Быть стариком, думал отец Игнасио, мерзко, унизительно. И еще эта ужасная изматывающая лихорадка. Мне следовало поступить как тот, черный — отпустить их, а самому остаться здесь. У него хватило мужества, у меня нет. Как тогда, Господи, как тогда — а я-то думал, это больше не повторится.
Проваливаясь в беспамятство, он слышал тихий шепот, словно шелест листвы над головой складывался в слова, словно кровь, пульсирующая у него в сосудах…
— …и холодная вода в сифонах, и мороженое, и свежевыпеченный хлеб, и всякая другая снедь.
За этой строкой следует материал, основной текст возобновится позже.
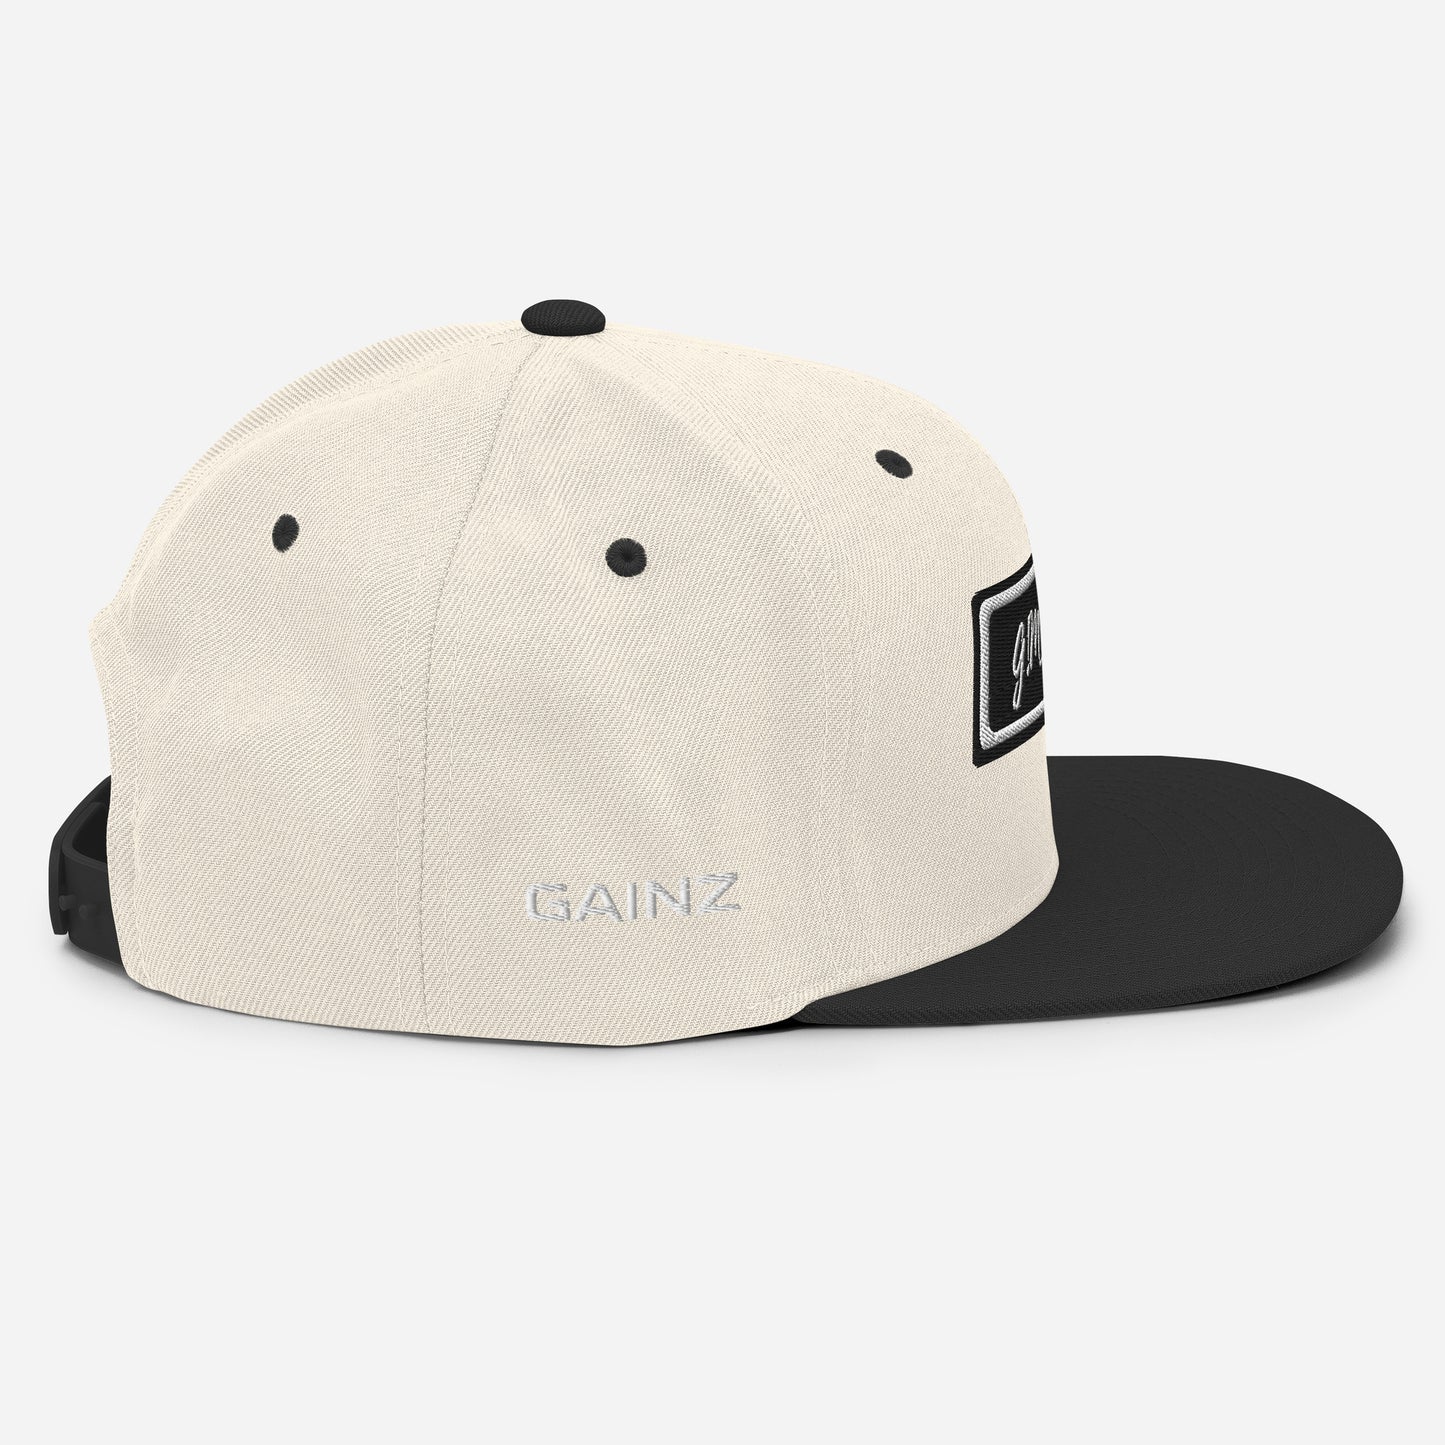 Gym Cap GAINZ - Snapback

Булочки, булочки в корзинах, и яблоки, и пушистые персики, и полосатые занавески, хлопающие на ветру…

* * *
Он вскочил, протирая глаза; сквозь листву просачивались золотистые утренние лучи.
Какой чудесный сон ему снился!
Золотистый, как это солнце.
Все были живы, все было прекрасно. Аттертон рассказывал о сокровищах древнего могущественного народа, Элейна смеялась, белая рука у розовых губ. Какая прекрасная женщина! И, что удивительно, Мэри была счастлива тоже. Все счастливы.
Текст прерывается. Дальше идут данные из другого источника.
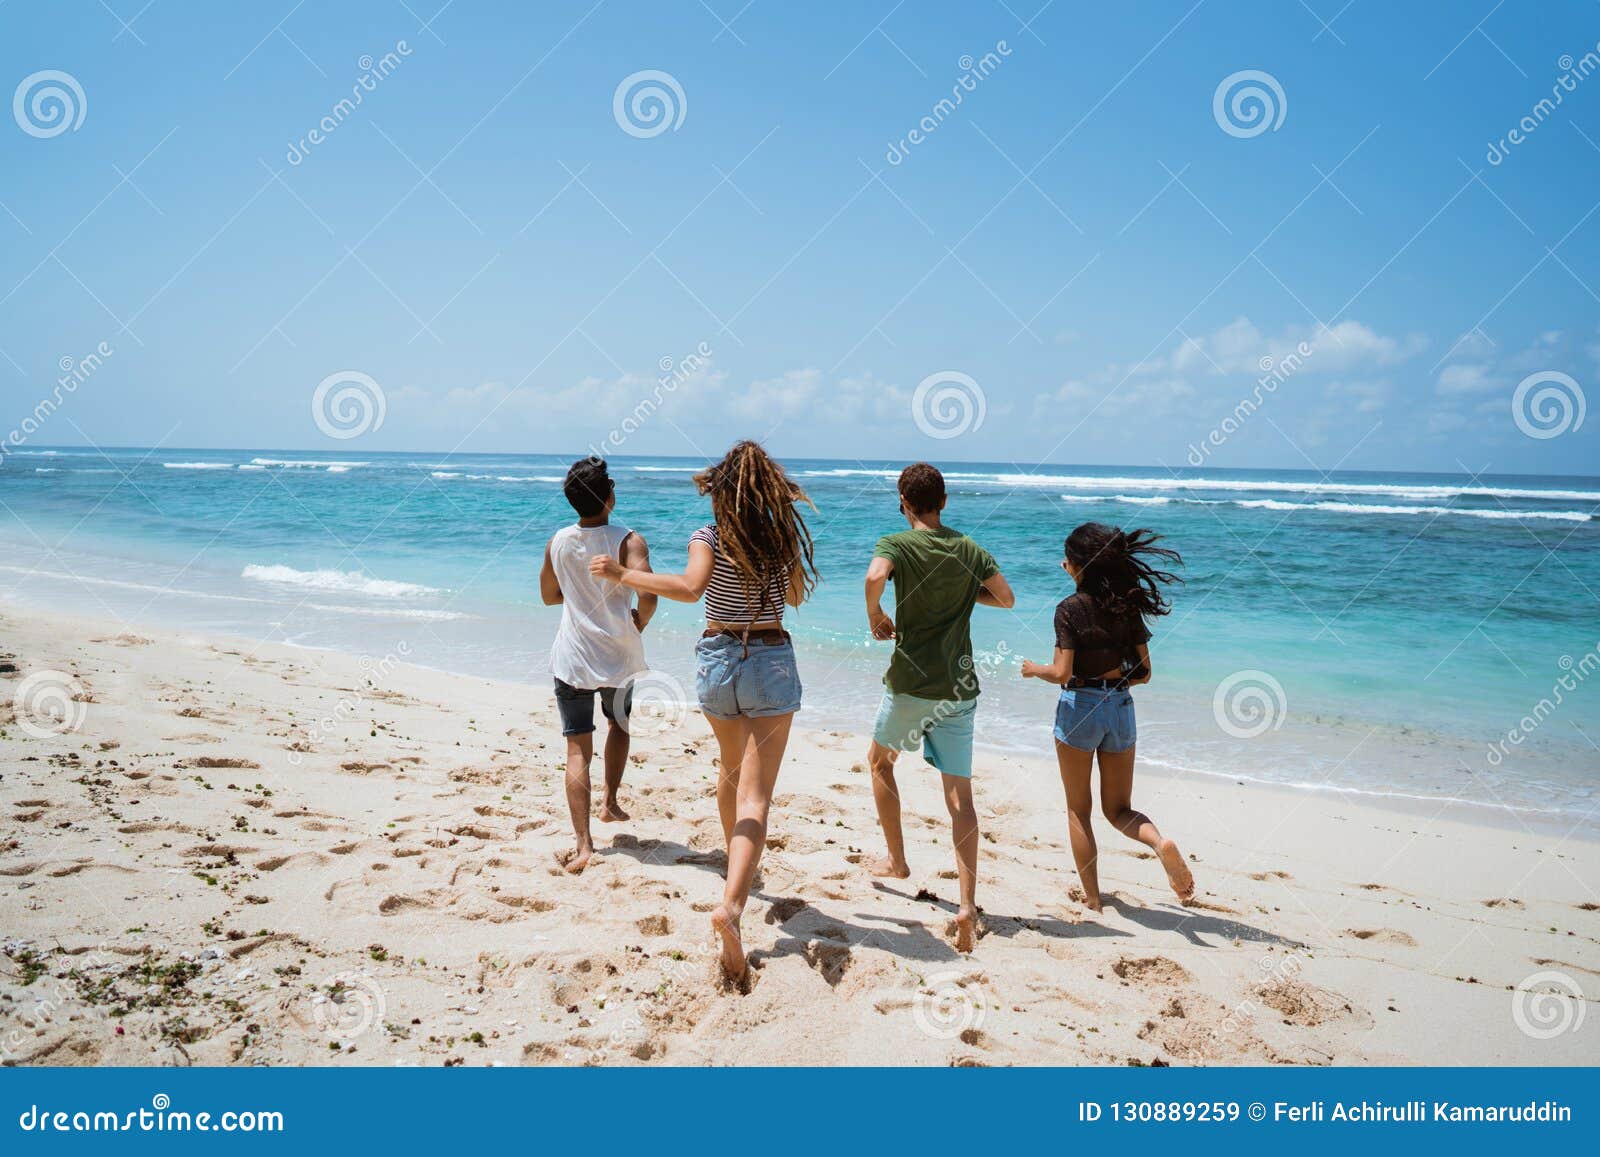 Friendship Freedom Beach Summer Stock Image - Image of friend, team

Пробуждение было как прыжок в темную воду.
Он в смятении оглядывался по сторонам, нет, ничего не изменилось, Мэри здесь, сидит у прогоревшего костра, руки охватили плечи, словно ей холодно; в такую-то жару. Арчи с деловитым видом выжимает в миску какое-то мясистое растение.
Он поднял глаза на отца Игнасио и улыбнулся.
— У нас будет вода.
— Я… сколько я проспал?
— Двенадцать часов, так примерно.
— Двенадцать часов!
— Мы не хотели вас будить. Вам надо было отдохнуть. Незачем волноваться, отец Игнасио, все в порядке, вы же видите.
— В порядке? — он мотал головой, озираясь. Мэри глядела на него мутными сонными глазами, но она была здесь, на месте, с ней ничего не случилось, слава Богу, слава Богу. — Да, в порядке.
— И ничего странного? Ничего опасного?
— Ничего. Ну, а теперь, когда вы отдохнули, надо подкрепиться и идти дальше, верно ведь? Еще осталось немного мяса.
— Я не хочу есть, — отец Игнасио и впрямь чувствовал непривычную легкость, словно он был наполнен воздухом и солнечным светом.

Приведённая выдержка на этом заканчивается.